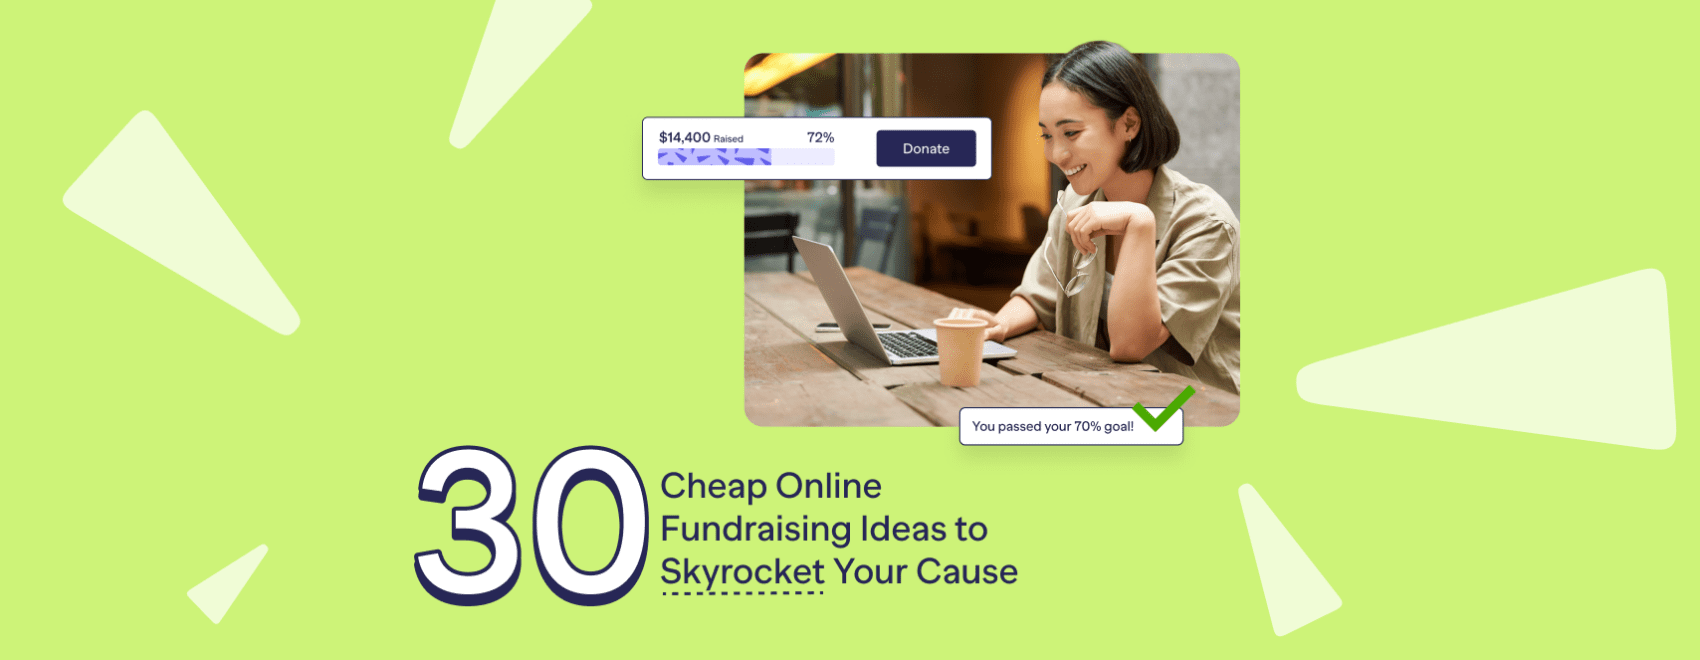 30 Cheap Online Fundraising Ideas to Skyrocket Your Cause
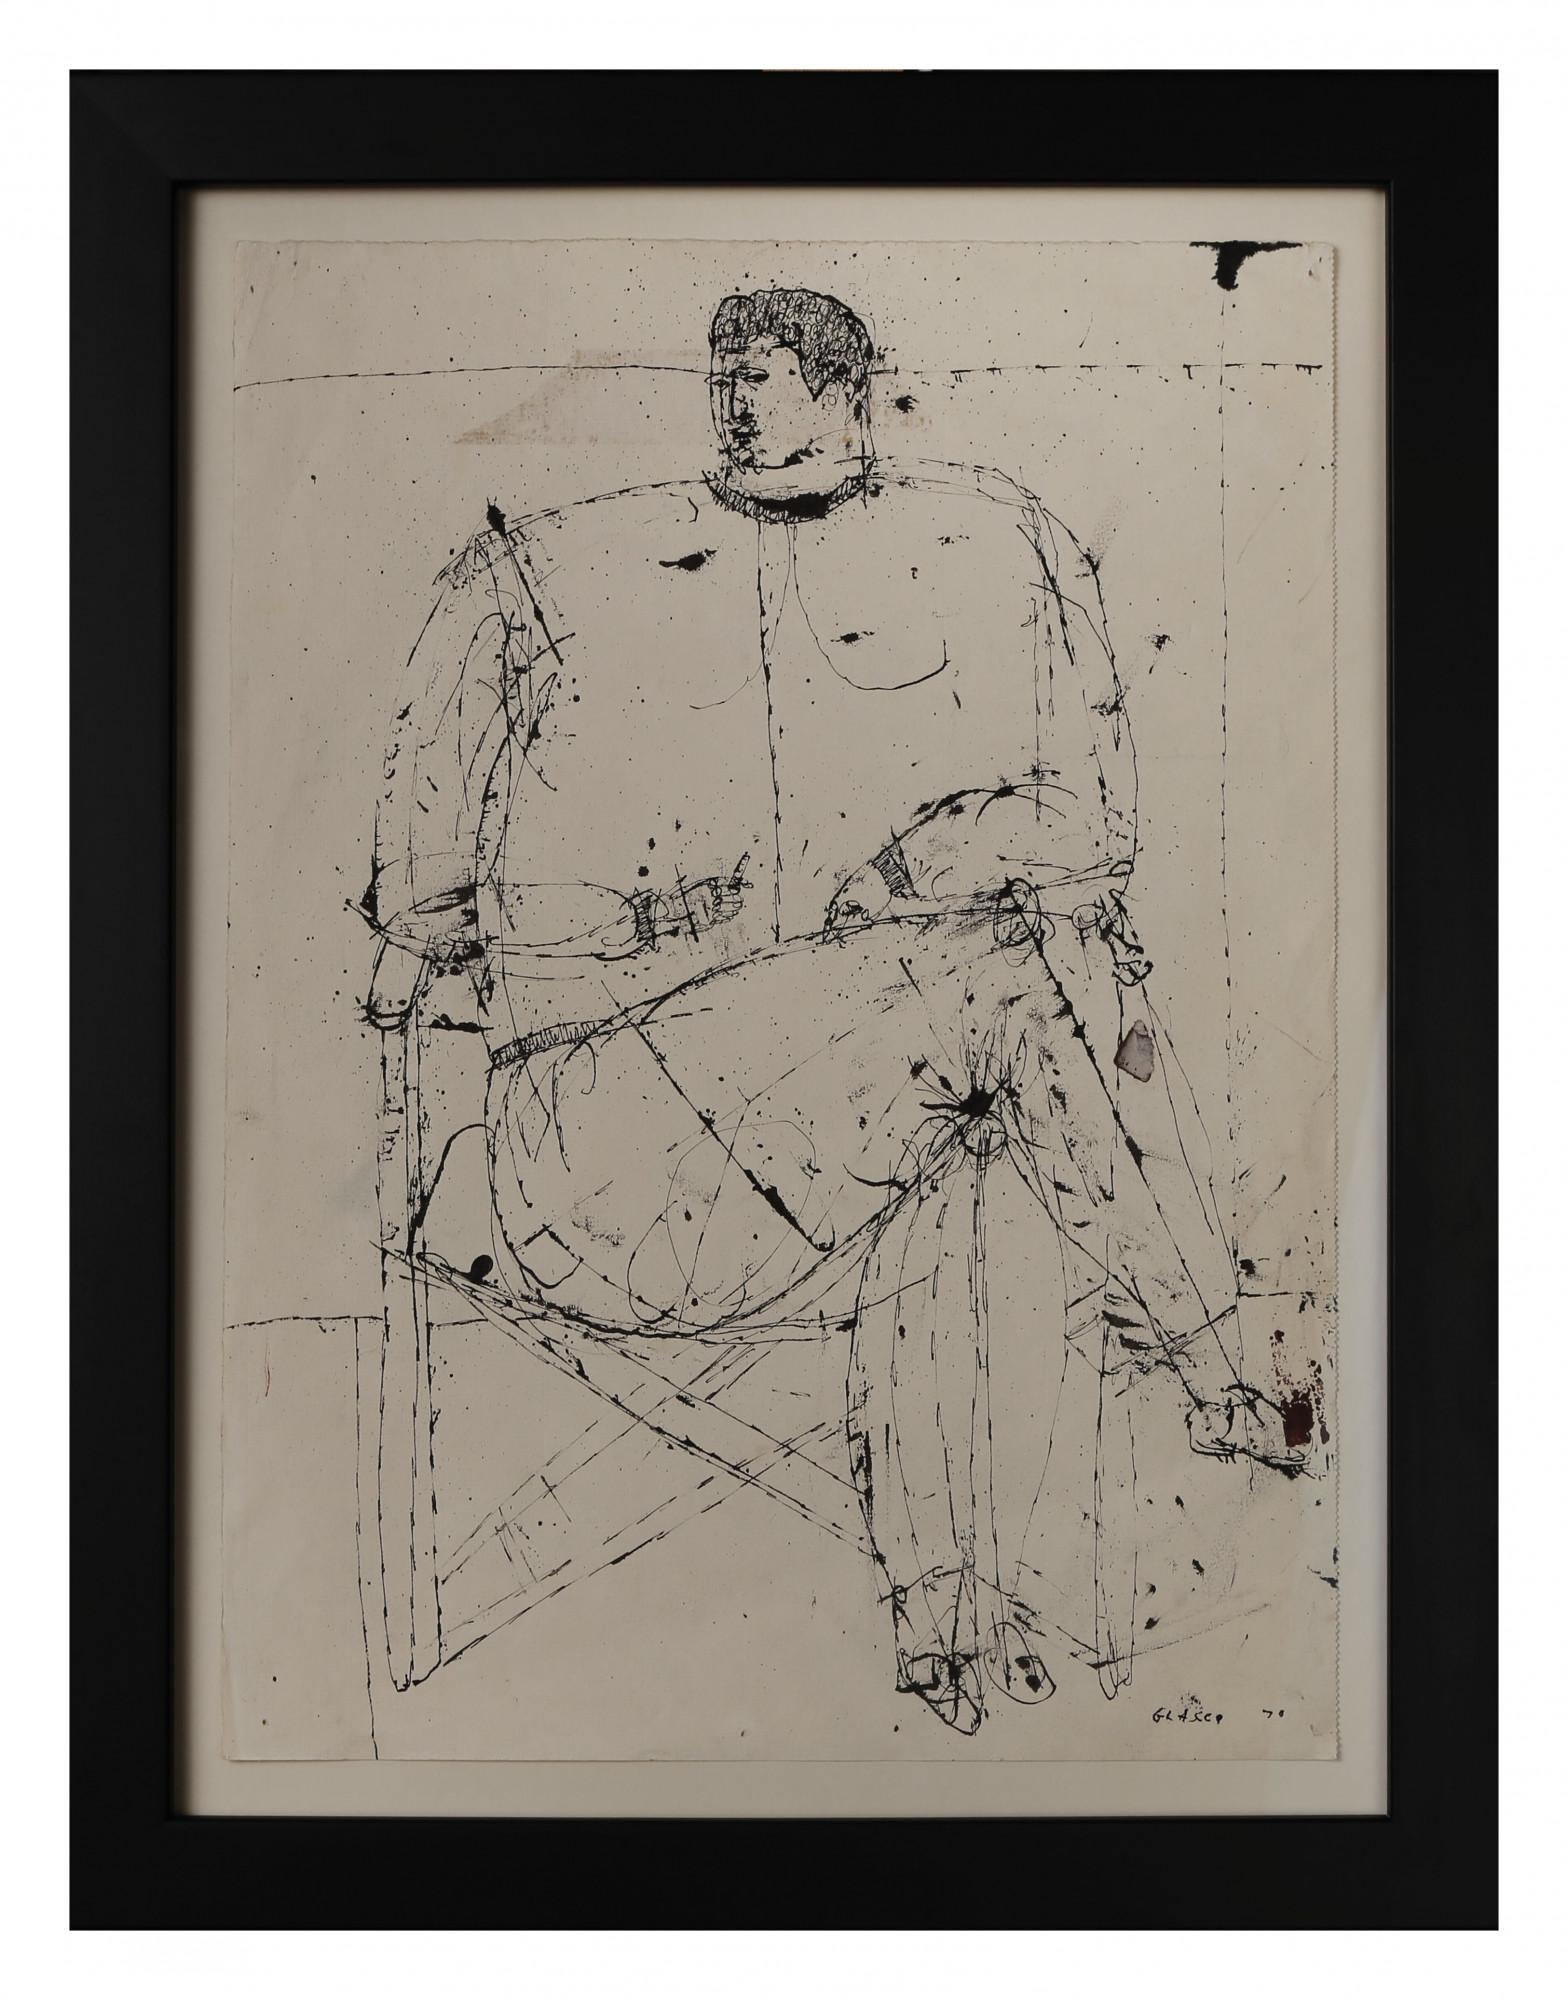 Seated Figure, 20th century figural abstract expressionist ink drawing - Art by Joseph Glasco
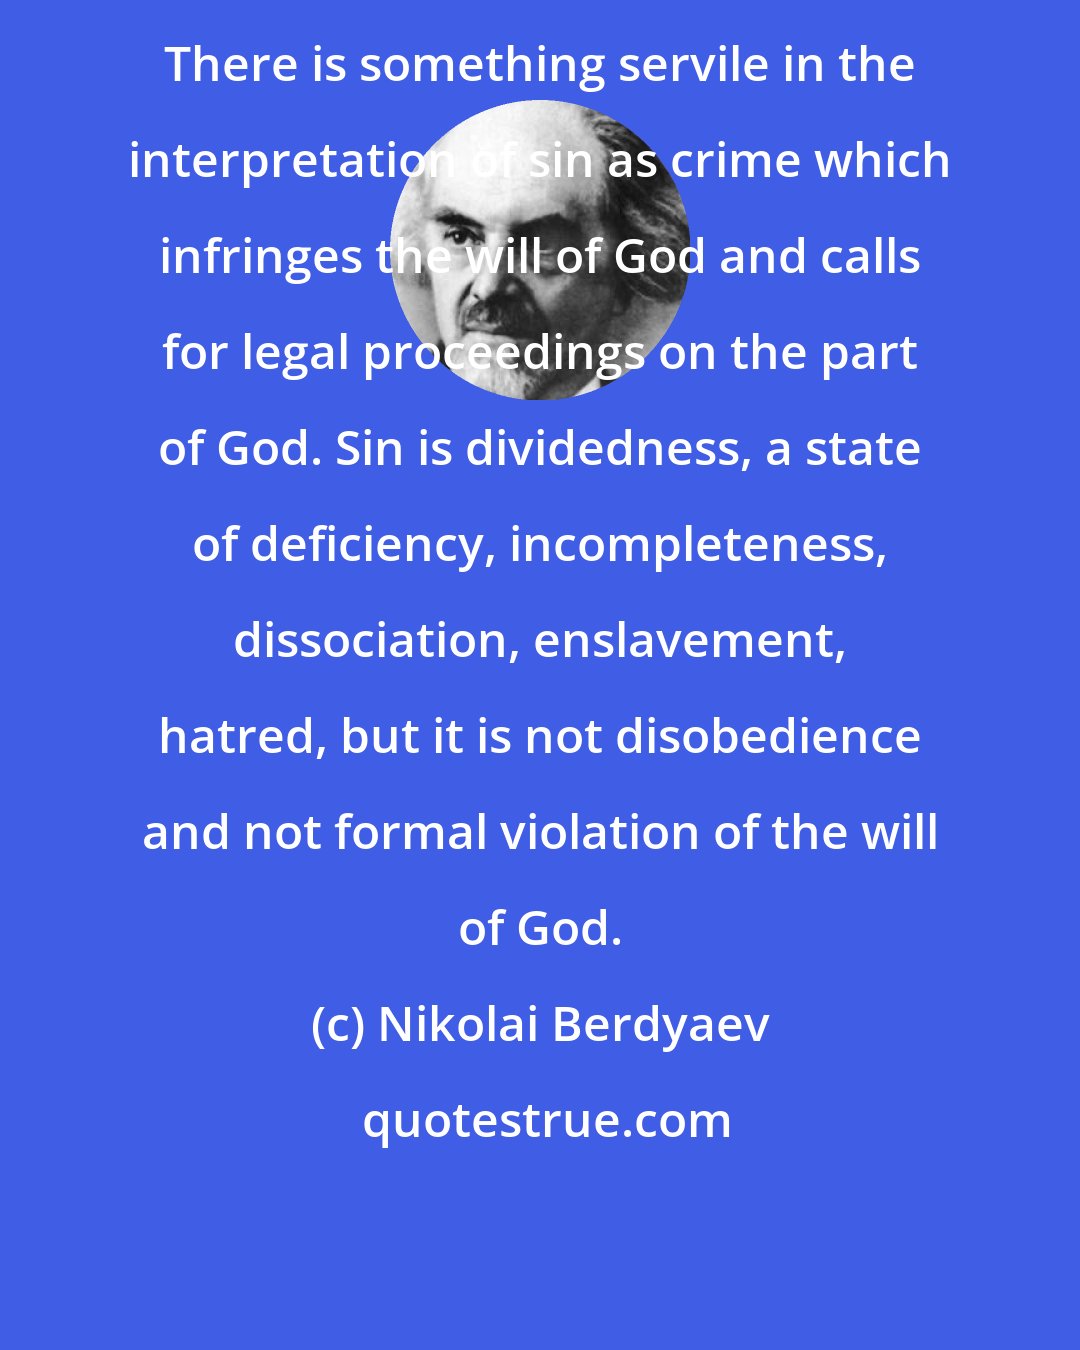 Nikolai Berdyaev: There is something servile in the interpretation of sin as crime which infringes the will of God and calls for legal proceedings on the part of God. Sin is dividedness, a state of deficiency, incompleteness, dissociation, enslavement, hatred, but it is not disobedience and not formal violation of the will of God.
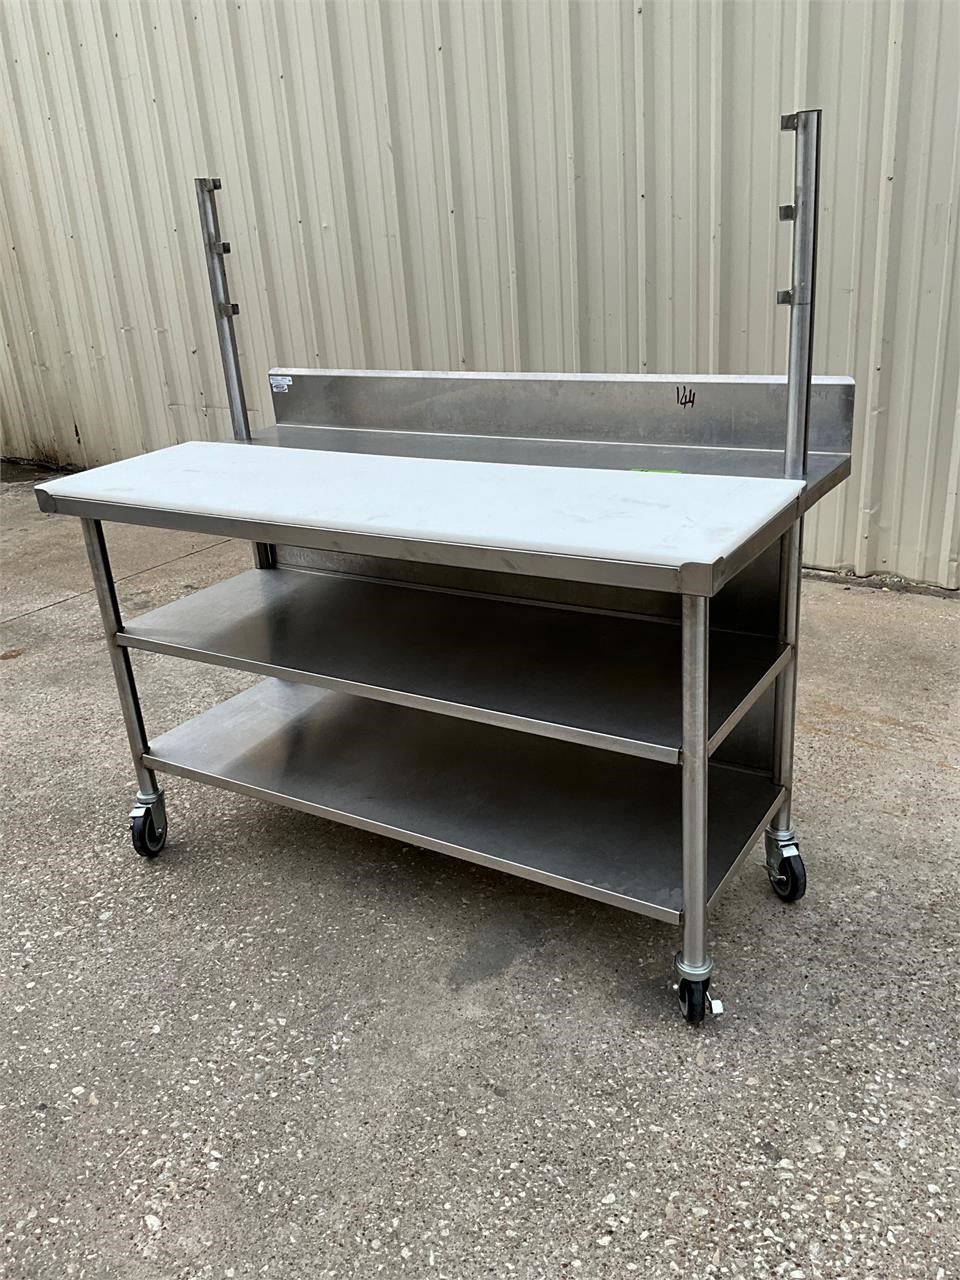 60” Winholt stainless steel poly top table

*Your instructions*.
Beginning with the line that holds "Seated Figure, 20th", write out exactly the lines down to the end of the material above, and no others. Pictures are not part of the copy.

*Solution*.
 Seated Figure, 20th century figural abstract expressionist ink drawing - Art by Joseph Glasco
 Nikolai Berdyaev: There is something servile in the interpretation of sin as crime which infringes the will of God and calls for legal proceedings on the part of God. Sin is dividedness, a state of deficiency, incompleteness, dissociation, enslavement, hatred, but it is not disobedience and not formal violation of the will of God.
 60” Winholt stainless steel poly top table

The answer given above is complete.